§ **Data extracts**
+ + + + + + +

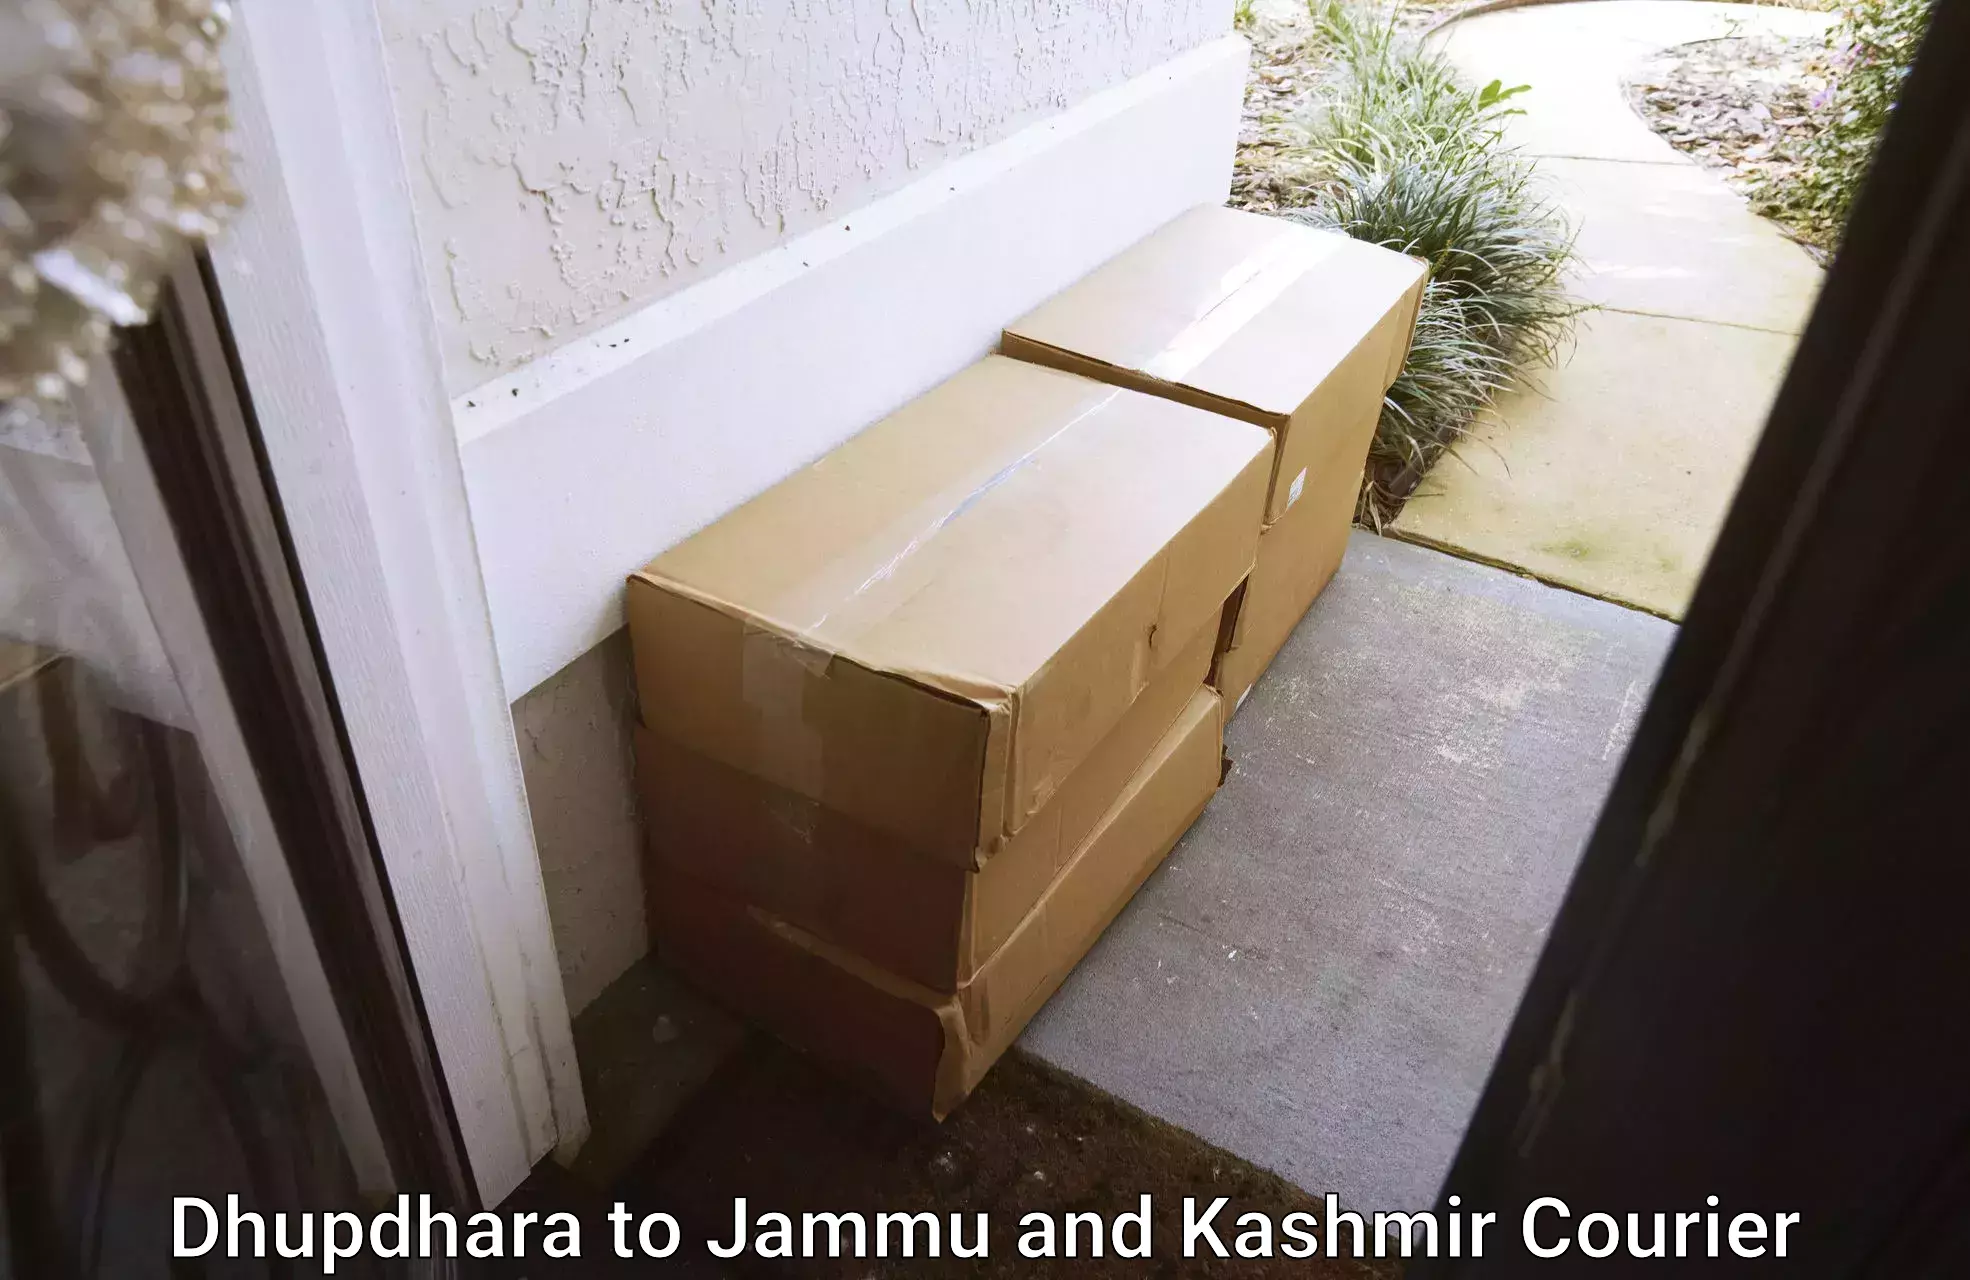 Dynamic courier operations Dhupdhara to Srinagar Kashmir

+ + + + + + +

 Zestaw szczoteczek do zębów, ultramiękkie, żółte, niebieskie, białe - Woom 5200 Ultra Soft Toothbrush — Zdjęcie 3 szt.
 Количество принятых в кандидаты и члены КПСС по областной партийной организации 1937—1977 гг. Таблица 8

+ + + + + + +

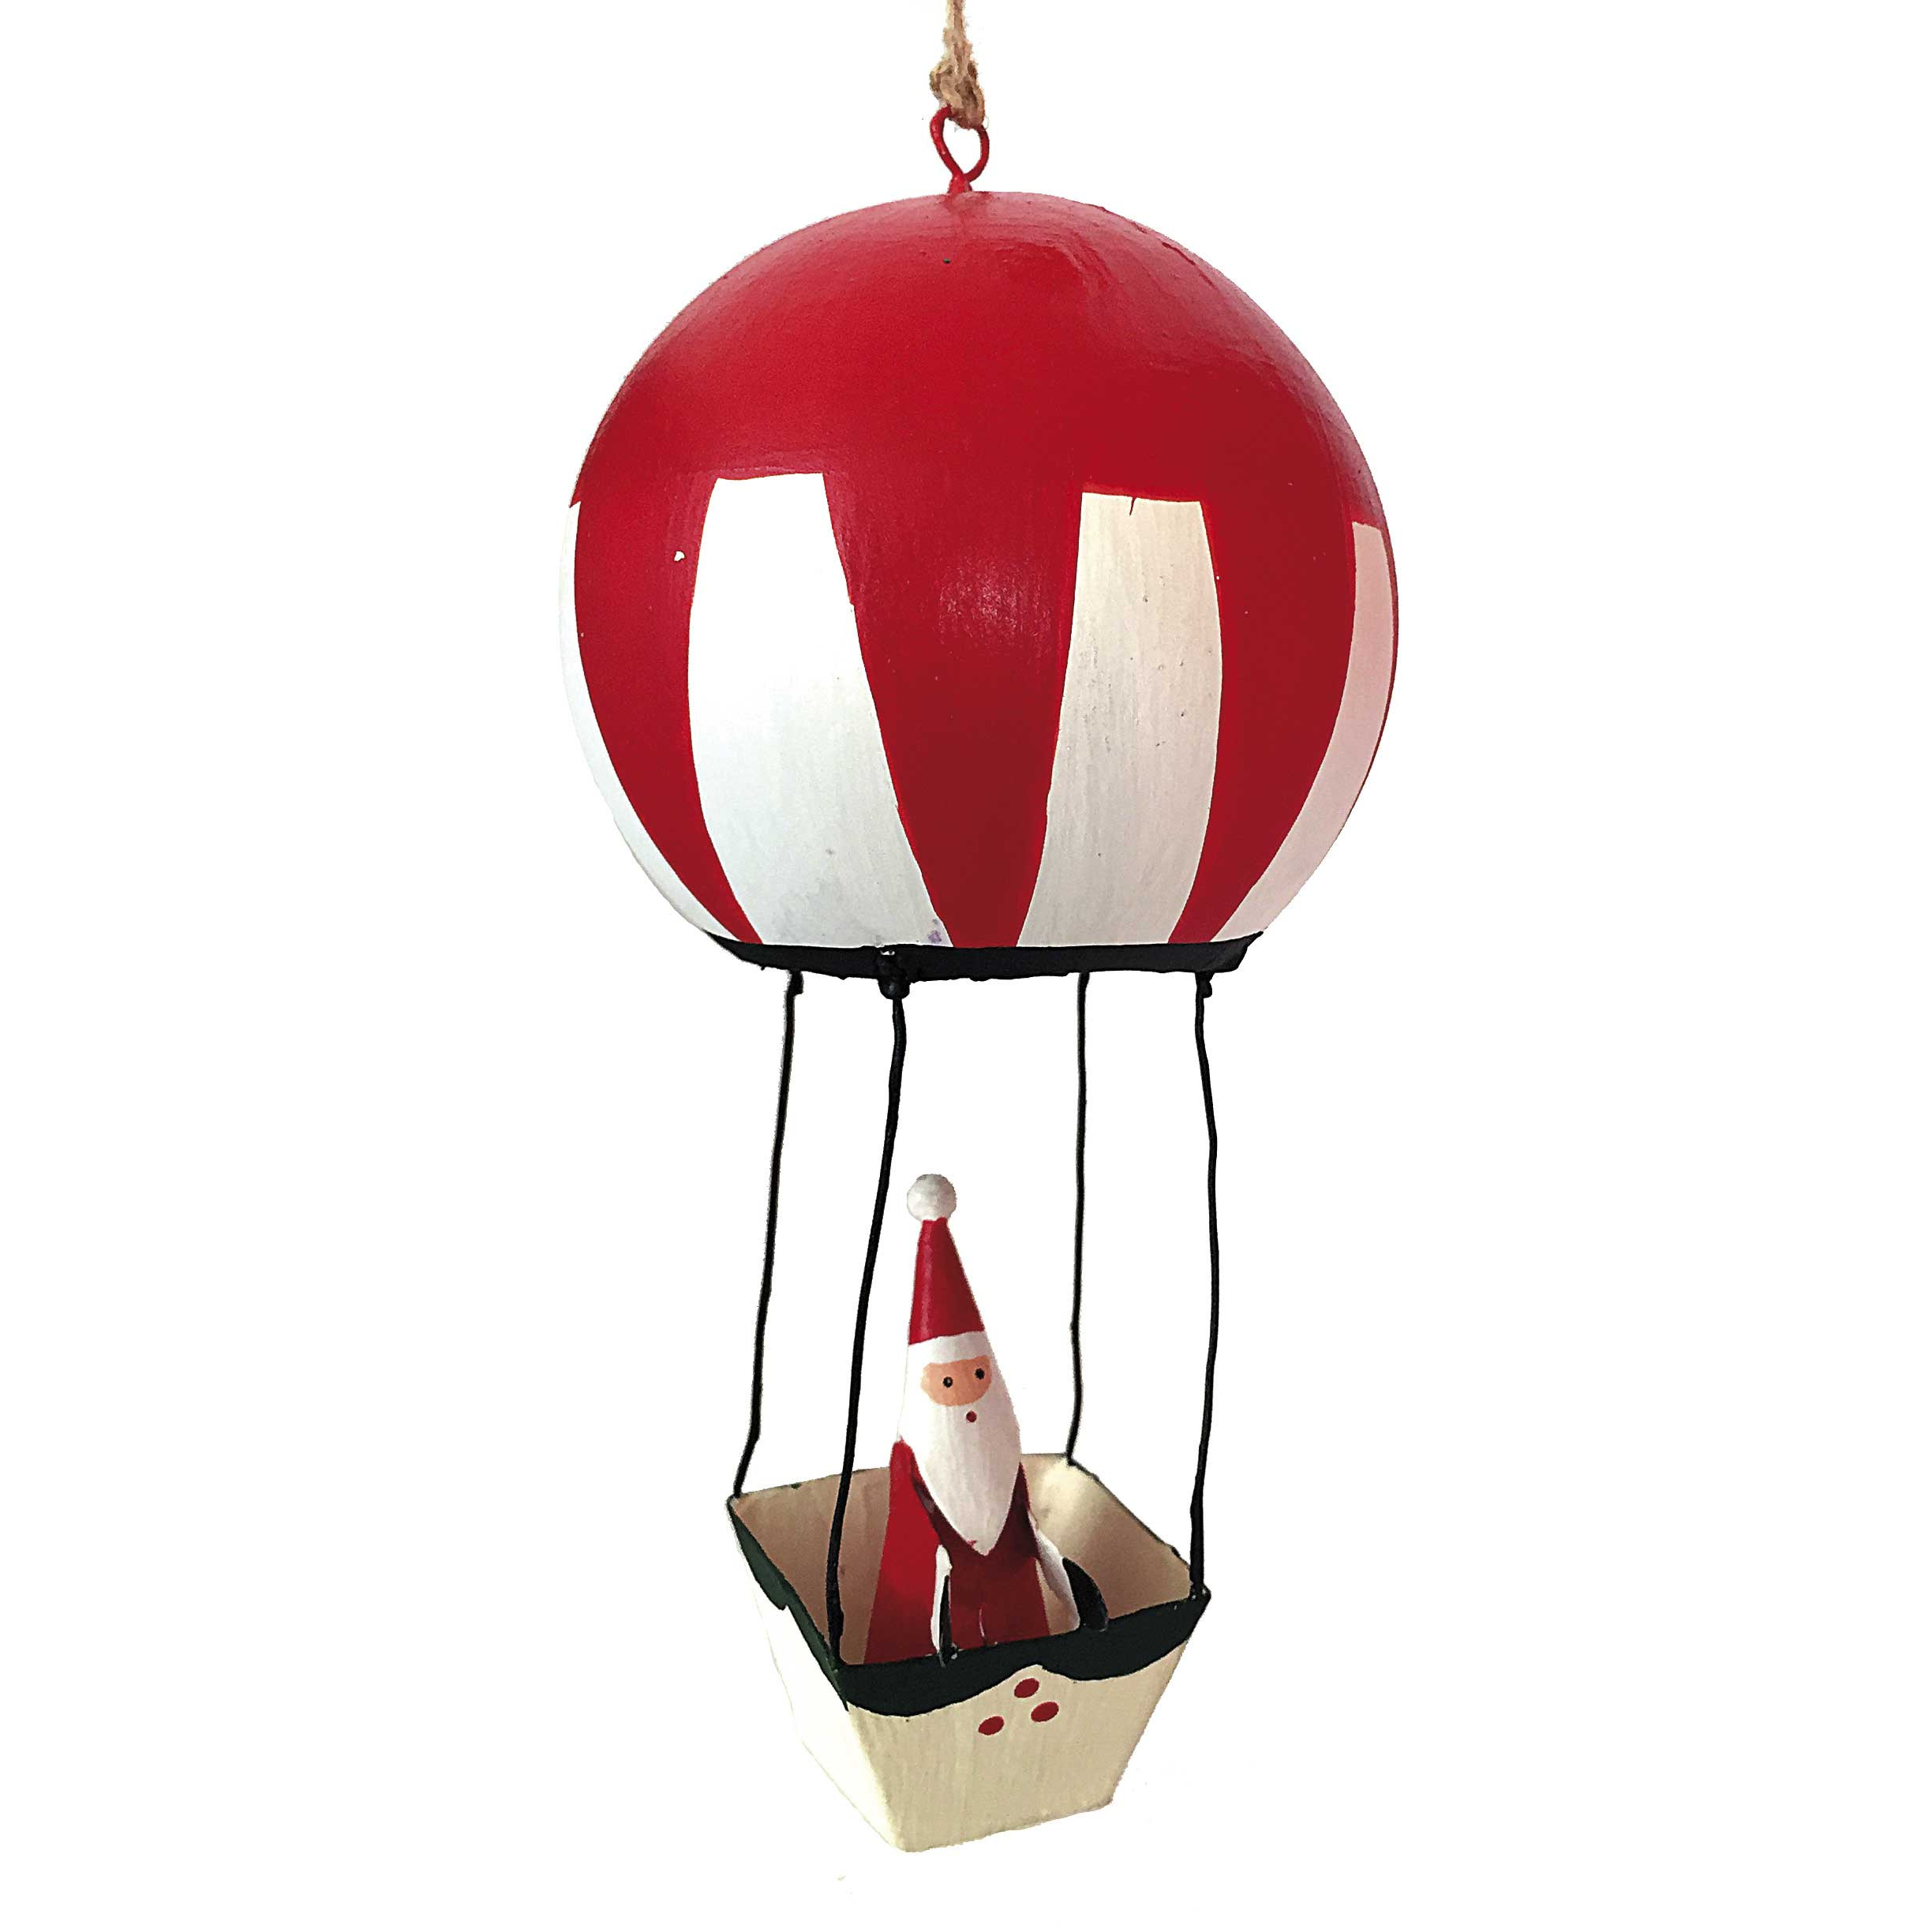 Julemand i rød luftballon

+ + + + + + +

§ **About this task**
Send back an exact copy of only the lines from the line with "Zestaw szczoteczek do" up to and including the line with "Количество принятых в" in the data above.

§ **Solution to this task**
 Zestaw szczoteczek do zębów, ultramiękkie, żółte, niebieskie, białe - Woom 5200 Ultra Soft Toothbrush — Zdjęcie 3 szt.
 Количество принятых в кандидаты и члены КПСС по областной партийной организации 1937—1977 гг. Таблица 8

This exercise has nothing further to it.